You mean like this : http://www.crh.noaa.gov/bou/?n=denver_snowfall

All the ADVERAGES I need.


----------



## broncscott (Dec 9, 2007)

[QUOTE said:


> chrissheerman;809536]i'm a new perso on this site and I probly should have just done a search first but I guess i'll ask anyway other than this map is there a good place on the web to find the local snow adverage for a certain area I see some of you know exactly what the adverage is fo the past 30 years in your area right down to the inch. I live in claremont NH anyone else plowing near by closest ive seen is new york and maine from your posts. thanks hope this question doesnt get anyone pissed


[/QUOTE

I have a laptop in my truck with a Verizon card and I have three sites with streaming weather maps.
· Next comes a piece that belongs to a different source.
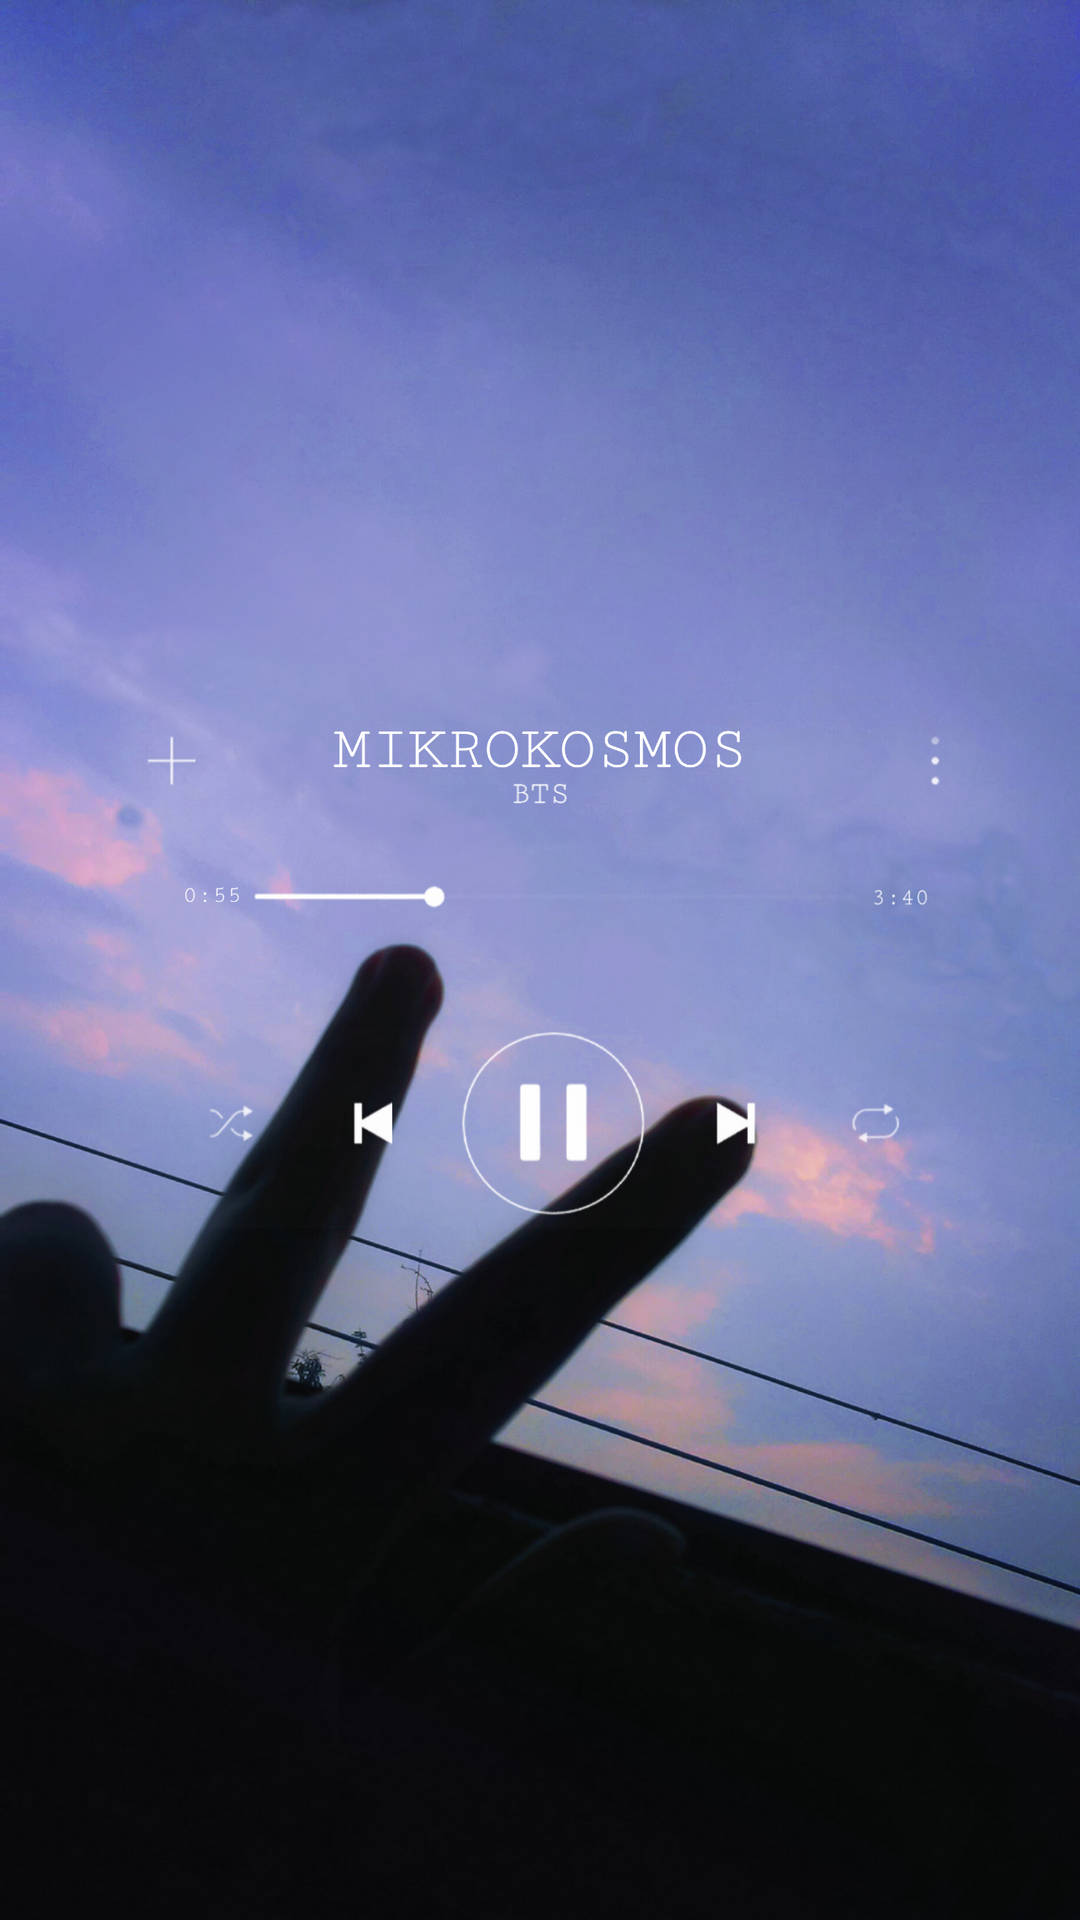 Download Music Aesthetic Mikrokosmos Bts Wallpaper

I use these to know when to stay out or go home and for my own forecasting. Here in Cincinnati NWS and Weather Channel missed on almost every snow fall last year. Snow day got them all. You might want to find a few sites in neighboring cities to get more information and to know whats on the way. You can always call a freind and have them check a weather site. Good luck


----------



## chrissheerman (Sep 17, 2009)

Thanks for the help everyone. BladeScape that link you put up is awesome I could'nt figure out how to get it to show for claremont NH can that been changed for my area? Was there a page before that which gave you a search listing? broncscott that idea of using the laptop in truck sounds cool I see the new ford trucks have a computer printer and web link in them from factory probly because of people with the idea like yours problem for me is the area I plow most likly won't have a wireless connection some places I go the cell phone does'nt even get a signal. thanks for the idea though.


----------



## ultimatelawns (Dec 18, 2011)

If you look at the weather maps it show the forecast for those areas then. The maps were in the past and the 2009- 2010 one that shows iowa getting 50 to 100 was correct. We got 74. Average per year is only 32


----------